ShanZhengYang - 6 months ago 56

Python Question

I'm working with hundreds of pandas dataframes. A typical dataframe is as follows:

`import pandas as pd`

import numpy as np

data = 'filename.csv'

df = pd.DataFrame(data)

df

one two three four five

a 0.469112 -0.282863 -1.509059 bar True

b 0.932424 1.224234 7.823421 bar False

c -1.135632 1.212112 -0.173215 bar False

d 0.232424 2.342112 0.982342 unbar True

e 0.119209 -1.044236 -0.861849 bar True

f -2.104569 -0.494929 1.071804 bar False

....

There are certain operations whereby I'm dividing between columns values, e.g.

`df['one']/df['two']`

However, there are times where I am dividing by zero, or perhaps both

`df['one'] = 0`

df['two'] = 0

Naturally, this outputs the error:

`ZeroDivisionError: division by zero`

I would prefer for 0/0 to actually mean "there's nothing here", as this is often what such a zero means in a dataframe.

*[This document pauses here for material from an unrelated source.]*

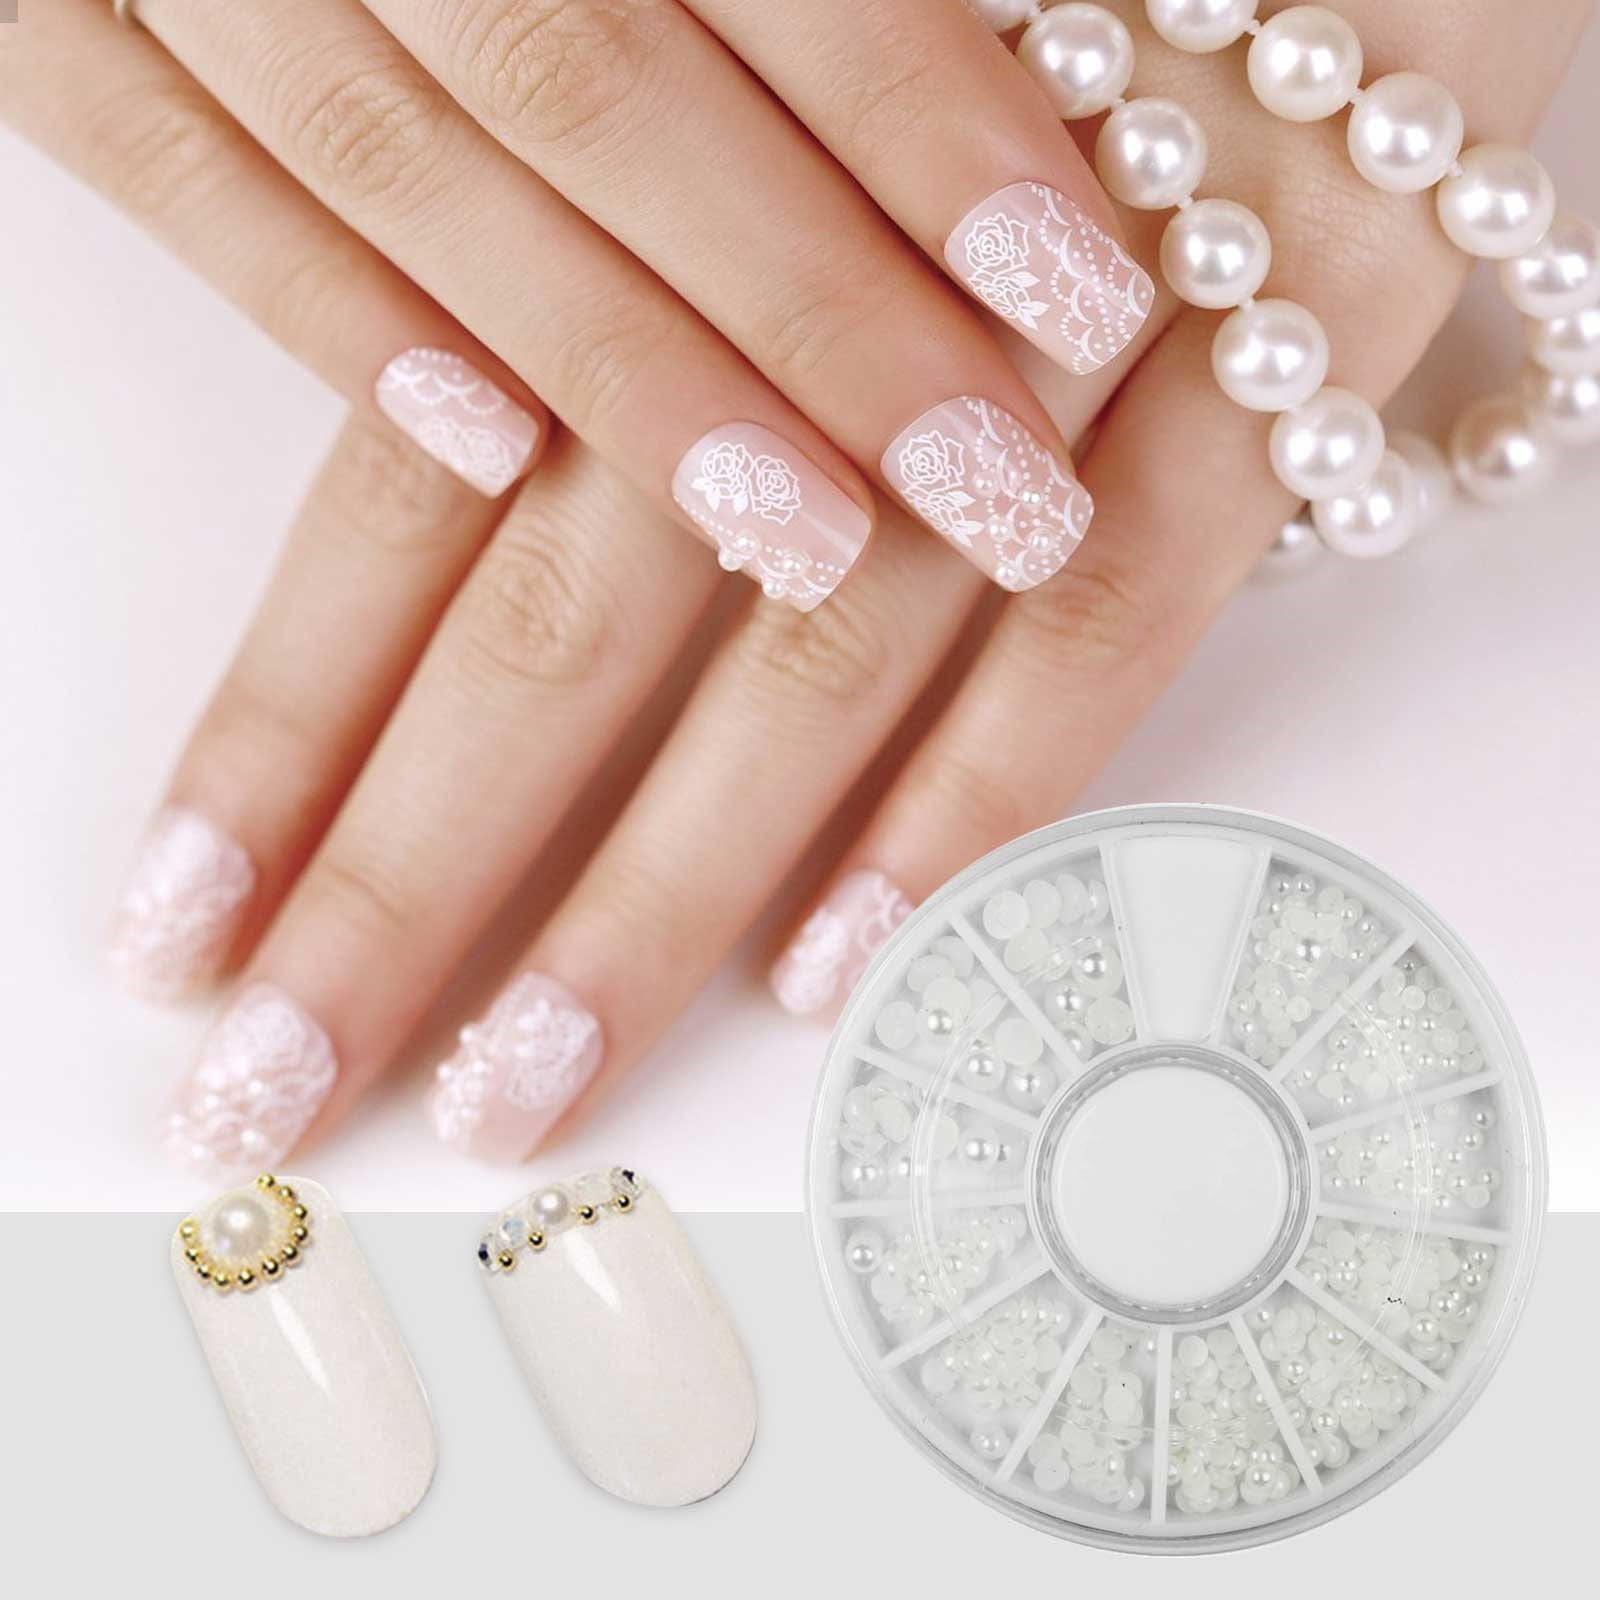 3D Flower Nail Charms, 12Colors 3D Acrylic Flower Nail Rhinestones with  Gold Silver Pearl Caviar Beads Spring Small Flores Nail Art Design for DIY
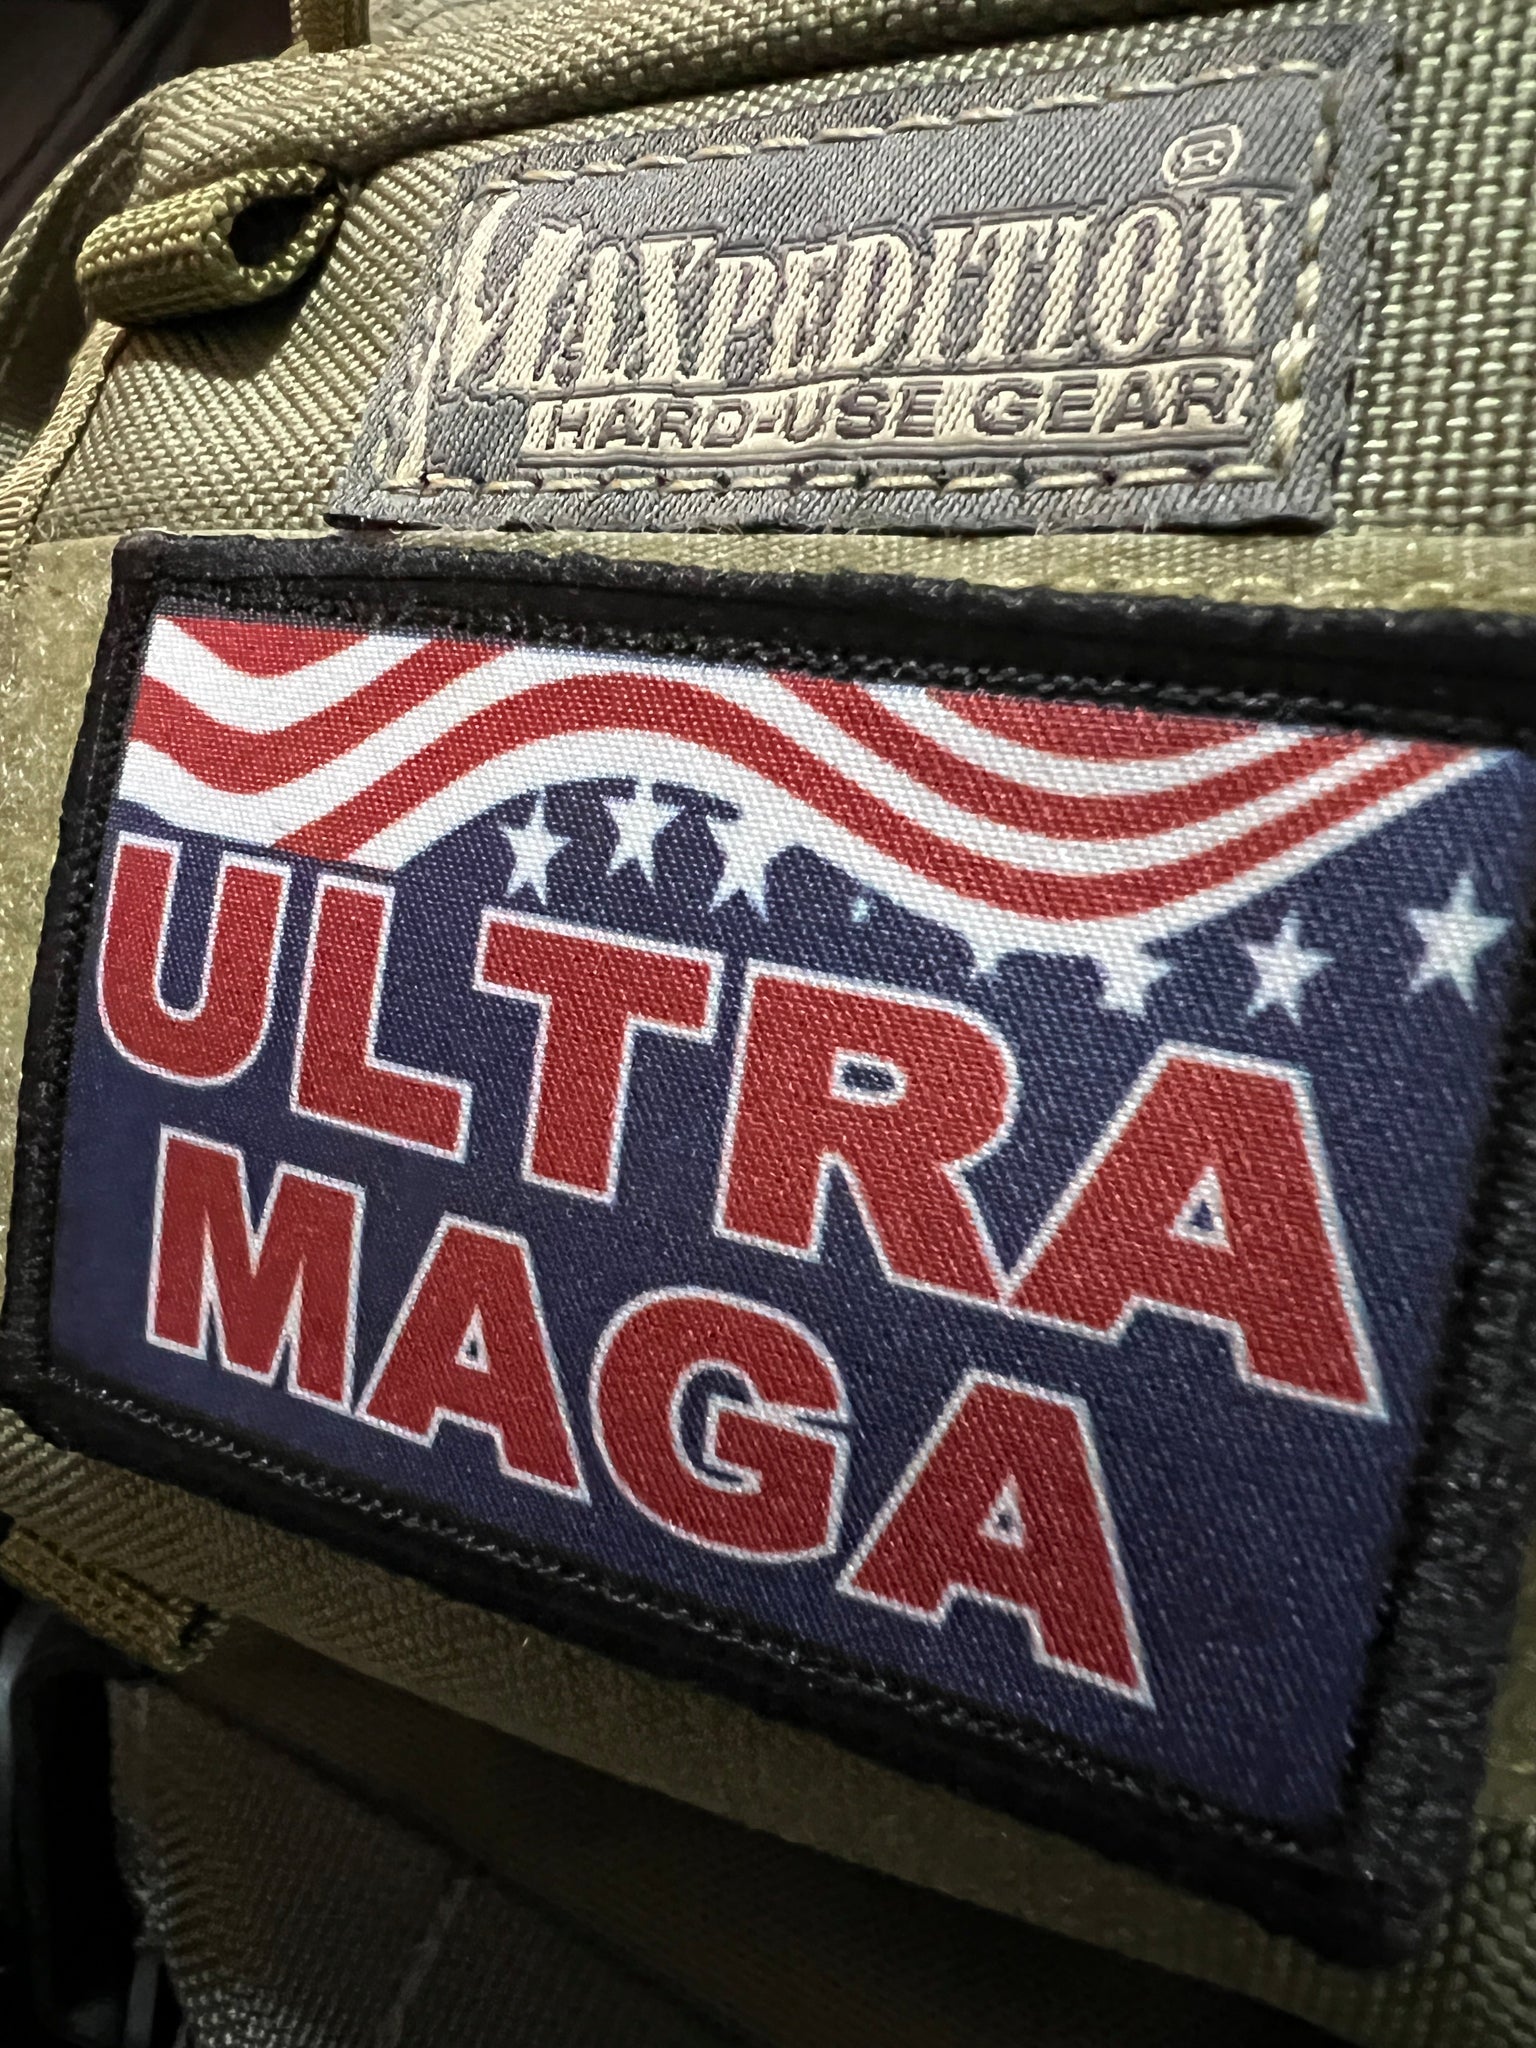 ULTRA MAGA Full Color Morale Patch Morale Patches Redheaded T Shirts

(a) How would I code this to mean "divide by zero" is 0 ?

(b) How would I code this to "pass" if divide by zero is encountered?

Answer

Two approaches to consider:

Prepare your data so that never has a divide by zero situation, by explicitly coding a "no data" value and testing for that.

Wrap each division that might result in an error with a `try`

/`except`

pair, as described at https://wiki.python.org/moin/HandlingExceptions (which has a divide by zero example to use)

```
(x,y) = (5,0)
try:
z = x/y
except ZeroDivisionError:
print "divide by zero"
```

I worry about the situation where your data includes a zero that's really a zero (and not a missing value).